The key role of the microbiota in human and animal health and wellbeing is undisputed, and there is growing evidence that bacterial sphingolipids have a significant impact on host-microbiota tolerance and the development and maturation of the immune system. The basic understanding generated in this project will have the following wider beneficiaries and resulting impacts:

Healthcare and Medicine
Understanding the pathway for the production of bacterial sphingolipids will benefit clinicians and dentists interested in the effect of the oral microbiota on the progression of periodontitis. The role of bacterial sphingolipids in human and animal health will be explored with our project partners Davey and Ley, and this work will have impacts for clinicians working on the interplay between the gut microbiota and the development of the host immune system. This research may inform policy on recommendations for diet and supplementation to mitigate the role of the microbiota on periodontitis and auto-immune gut diseases, such as Crohn's disease.
Patient advocacy groups could benefit through direct access to knowledge and expertise generated in this project to inform clinical trials and treatments for diseases related to sphingolipid biosynthesis and autoimmune conditions. An example of the type of group who would benefit is the Deater Foundation. This charity seeks to research a neuropathy caused by mutations in the human sphingolipid biosynthesis pathway and access to research into this, has directly led to clinical trials of amino-acid supplementation as a targeted therapy against the clinical presentations of their specific mutations in this pathway.

Pharmaceutical Companies
The identification of the unique enzymes responsible for the various stages of the bacterial sphingolipid biosynthesis pathway and their structural characterisation will present novel drug targets for the development of new compounds to interfere with their action. Companies and researchers working in the pharmaceutical industry and in medicinal chemistry will therefore benefit from the knowledge created in this project.

Industrial biotechnology
Sphingolipids and their precursors have a high value as research tools in academic, clinical and industrial laboratories. But due to the difficulty associated with producing and isolating them from their native organisms they are extremely costly. Through understanding the bacterial sphingolipid pathway, we will produce knowledge that will allow the development of industrial strains optimised for the production of large quantities of sphingolipids and ceramides. The development of robust production hosts and lipid isolation methods by industrial biotechnology companies (e.g. Avanti) will have significant economic and scientific impacts.
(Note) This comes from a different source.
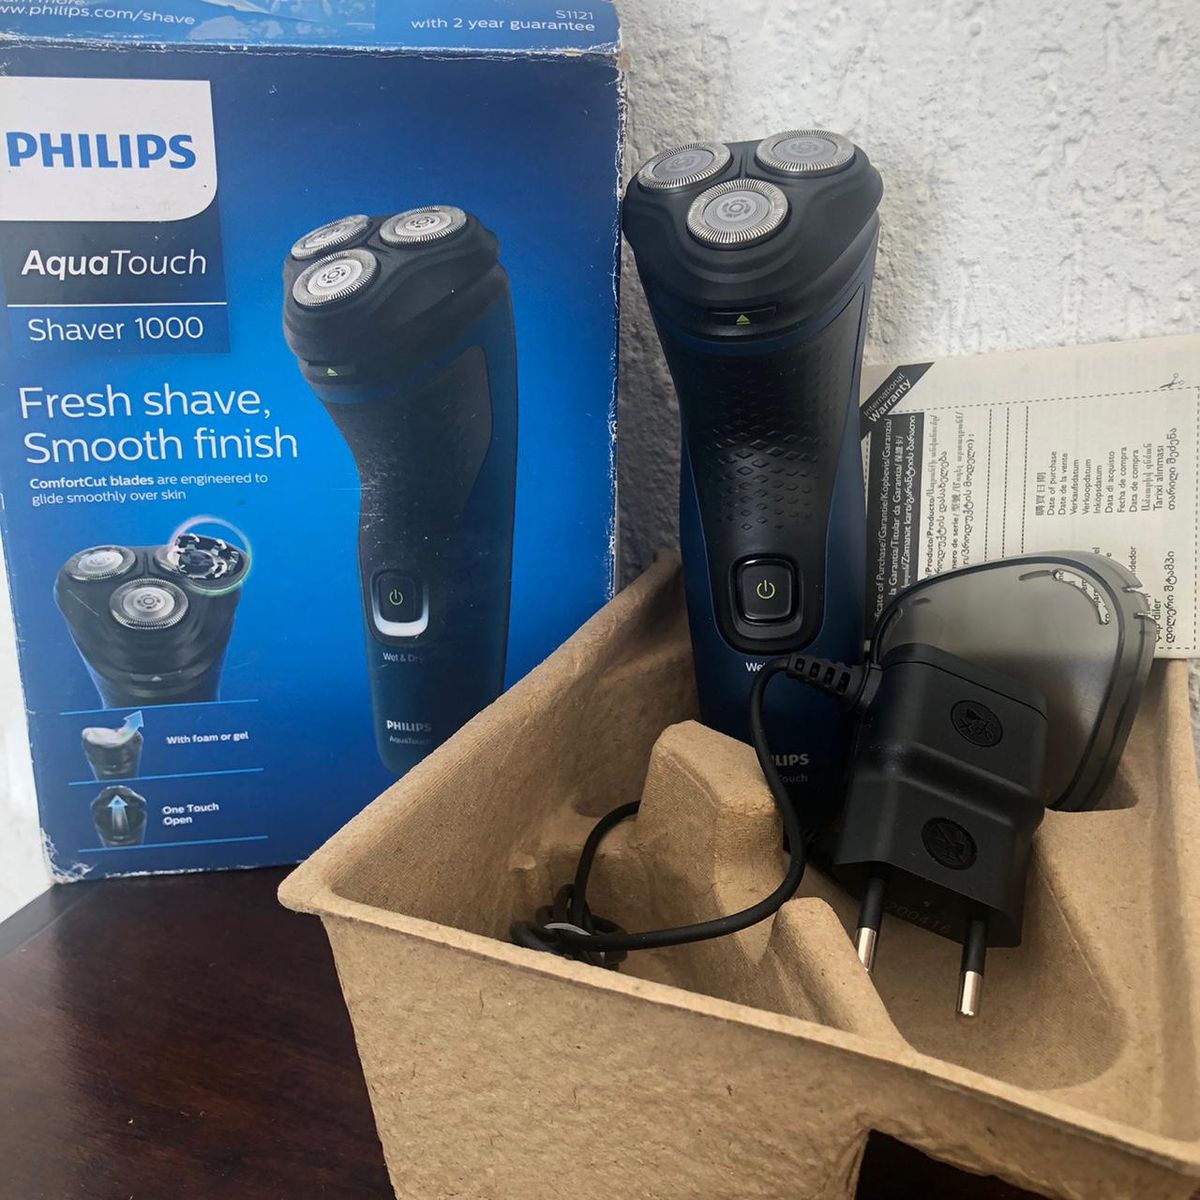 Philips Aqua Touch Shaver 1000 Barbeador Elétrico Produto Masculino Philips Nunca Usado

Microbiome/Microbiota Industry
The biotechnology industry that has grown around microbiome/microbiota research is in an embryonic stage at present, but by 2025 is estimated to be worth up to $10bn. While there are currently no directly marketed microbiome/microbiota modifying drugs, there are many companies actively working in the pre-clinical and clinical stages of development. Furthermore, many companies are working in the neutraceutical and probiotic spaces. Our research will open possibilities to develop drugs to manipulate the production of sphingolipids in the human and animal microbiota; it will also inform the development of neutraceuticals and probiotics to stimulate, or inhibit, sphingolipid biosynthesis.